The intertwining of the personal and the political is at the heart of Christie Hodgen’s Boy Meets Girl, a smart, funny novel.
In 1992, rich Ben meets poor-ish Sam in a New Hampshire sandwich shop. Ben is working on a political campaign with Kurtz and Boris, two colorful characters whose bickering adds energy to his observations of American campaign politics. Days before, Sam met Bill Clinton; these two meetings become glowing etchings in her mind.
This is a tender, humanistic dissection of the on-again, off-again romance between Ben and Sam. Ben becomes a New York therapist and almost gets married; Sam becomes a literature professor in a Midwest college and has an unplanned pregnancy. They love each other, but can’t seem to meet on equal grounds. They toggle between love and friendship.
And Ben and Sam’s circumstances are shared against manifold accounts of American politics: the book covers Bill Clinton’s election, September 11, 2001, the invasion of Iraq, the housing-bubble burst, Occupy Wall Street, Guantanamo, and Hillary Clinton’s bid for the presidency. Ben and Sam’s ruminations and exchanges include trenchant commentary on these events, incorporating references from culture and literature and subtle, often mordant humor.

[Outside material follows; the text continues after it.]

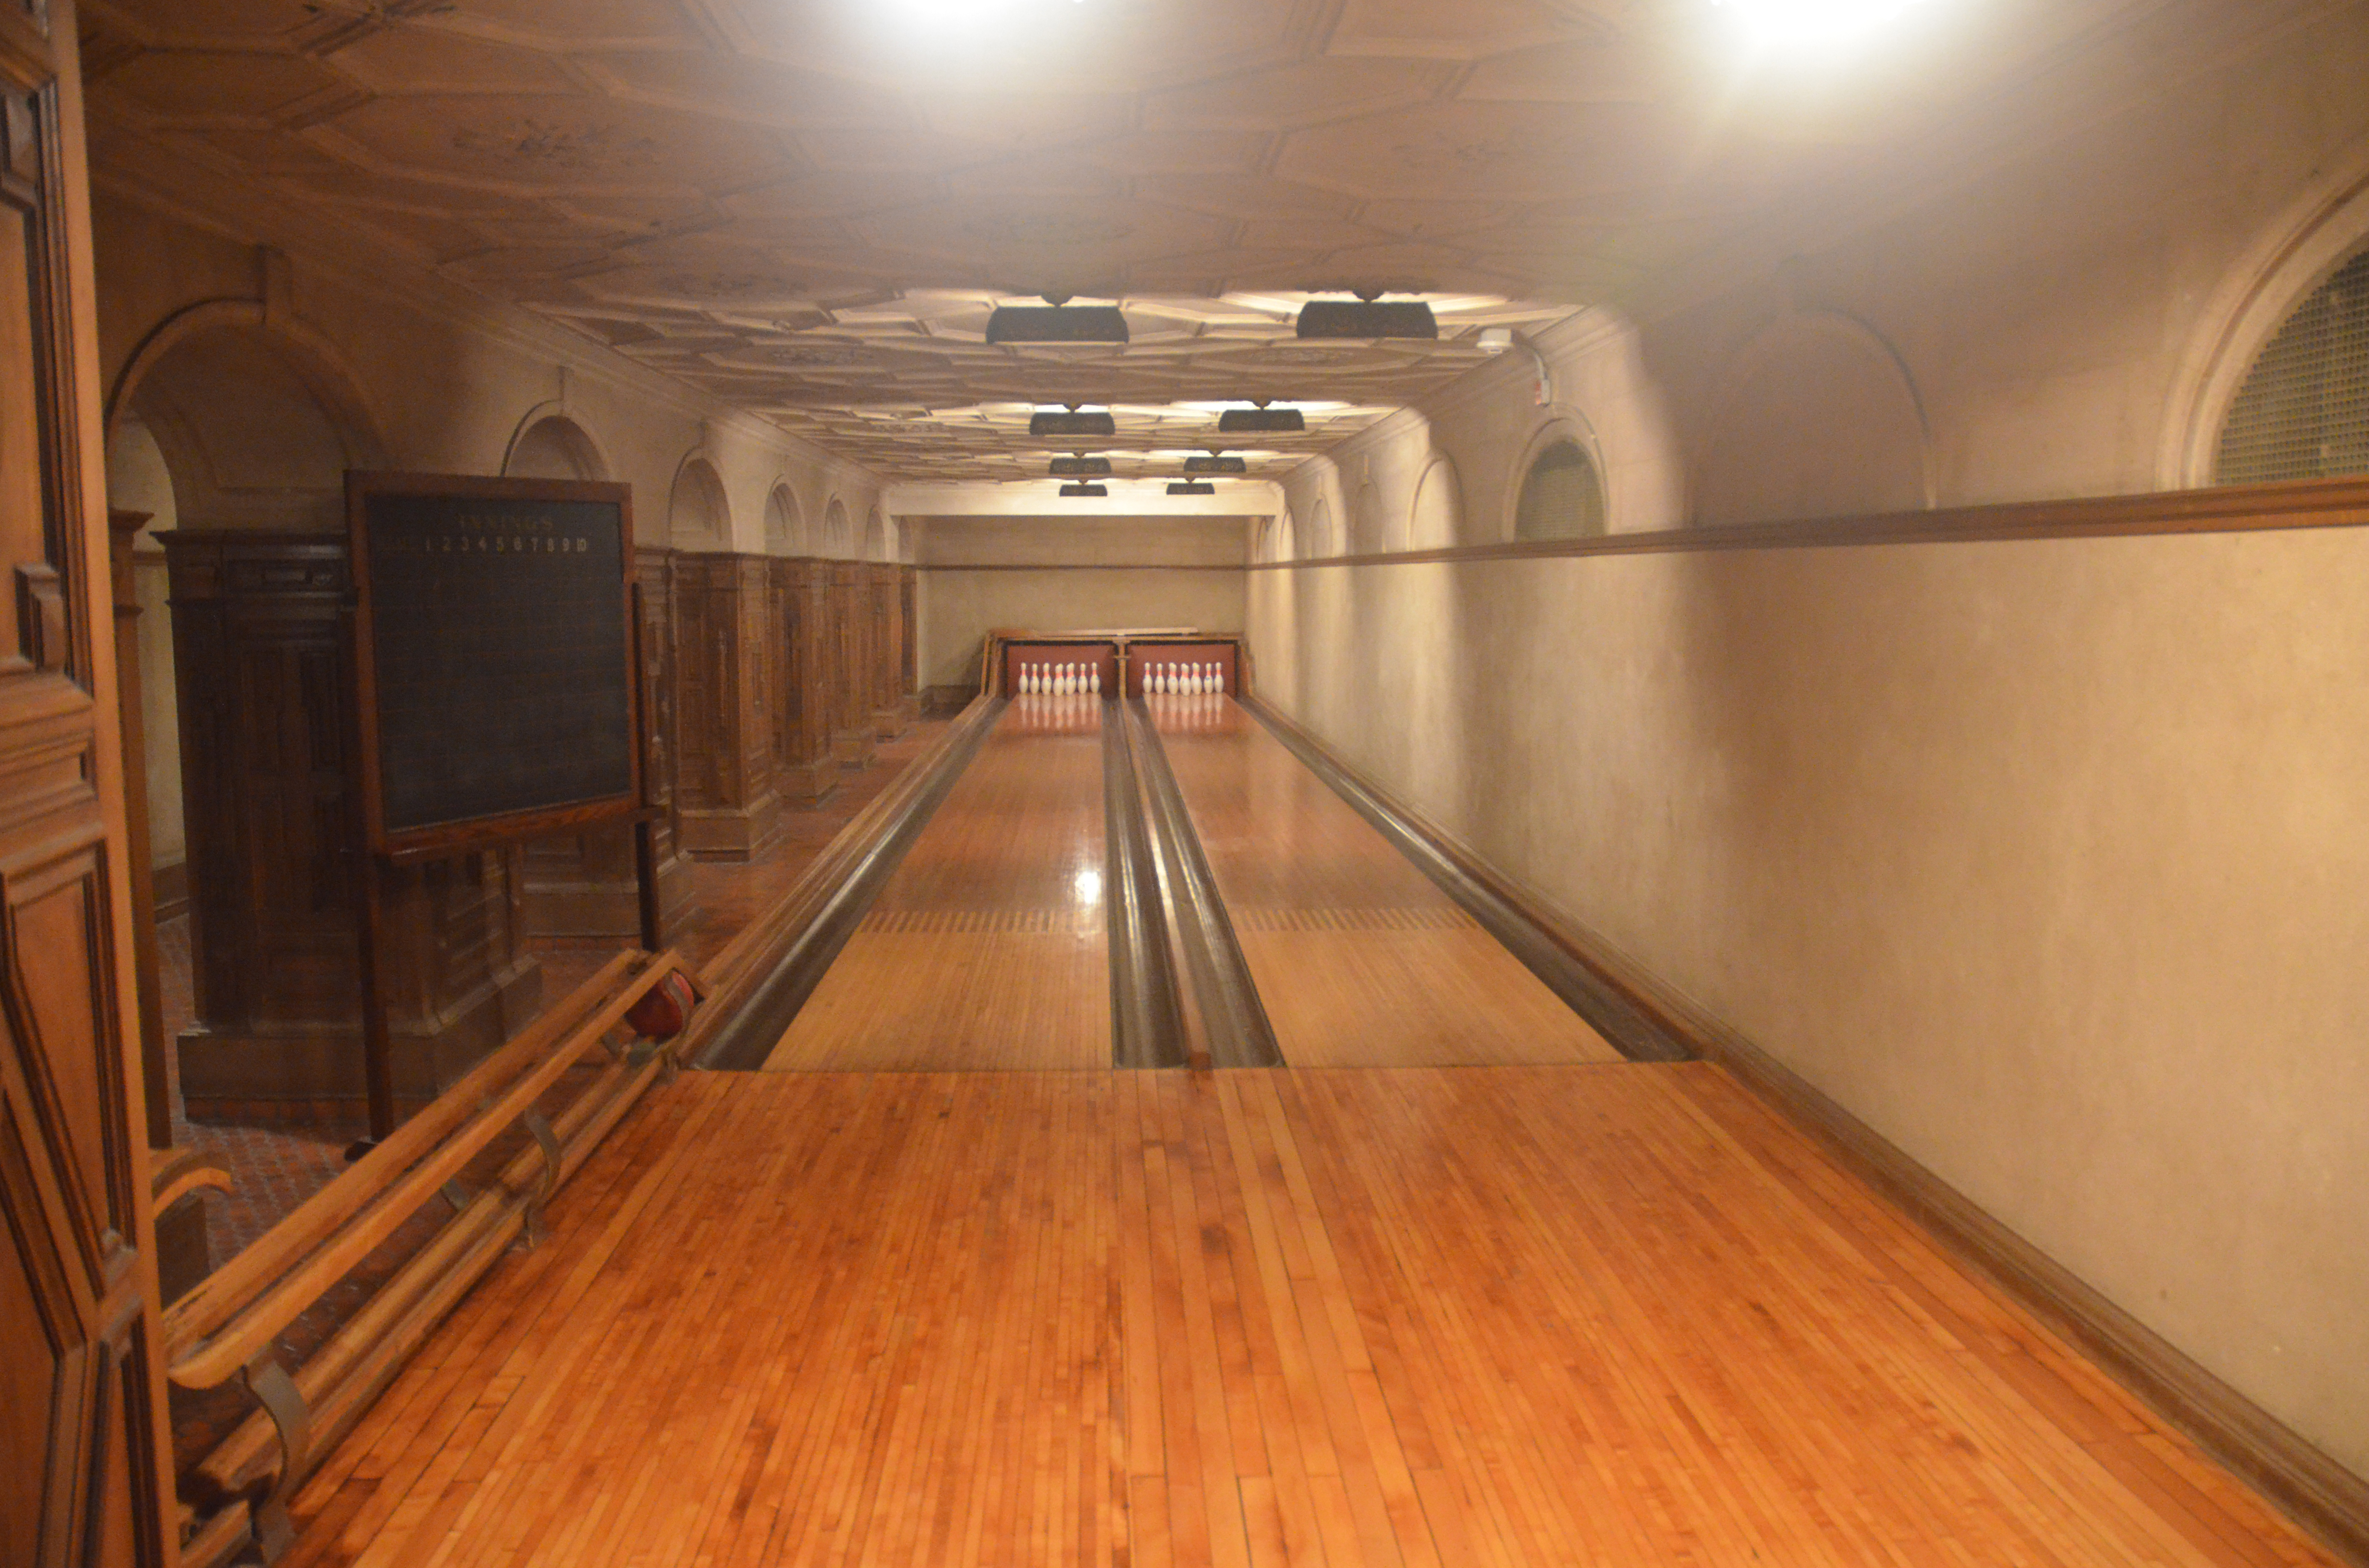 The bowling alley at the Frick Collection as seen in late 2012 (credit: Evan Bindelglass / CBSNewYork)

As the novel zigzags between 1992 and 2017, its temporal interludes become evocative of conversations with a therapist. They are poignant in revealing Ben’s emotional paralysis and inability to risk his heart for love, as well as Sam’s patient, almost pathetic, yearning and years of waiting for him. As they pursue happiness, they become aware of how unbridgeable the chasms between them are.
Portraying American political life through the prism of romantic realism, Boy Meets Girl is an ambitious and beautiful trawl through liberal, middle-class America that captures the deep emotional rifts between the haves and the have-nots.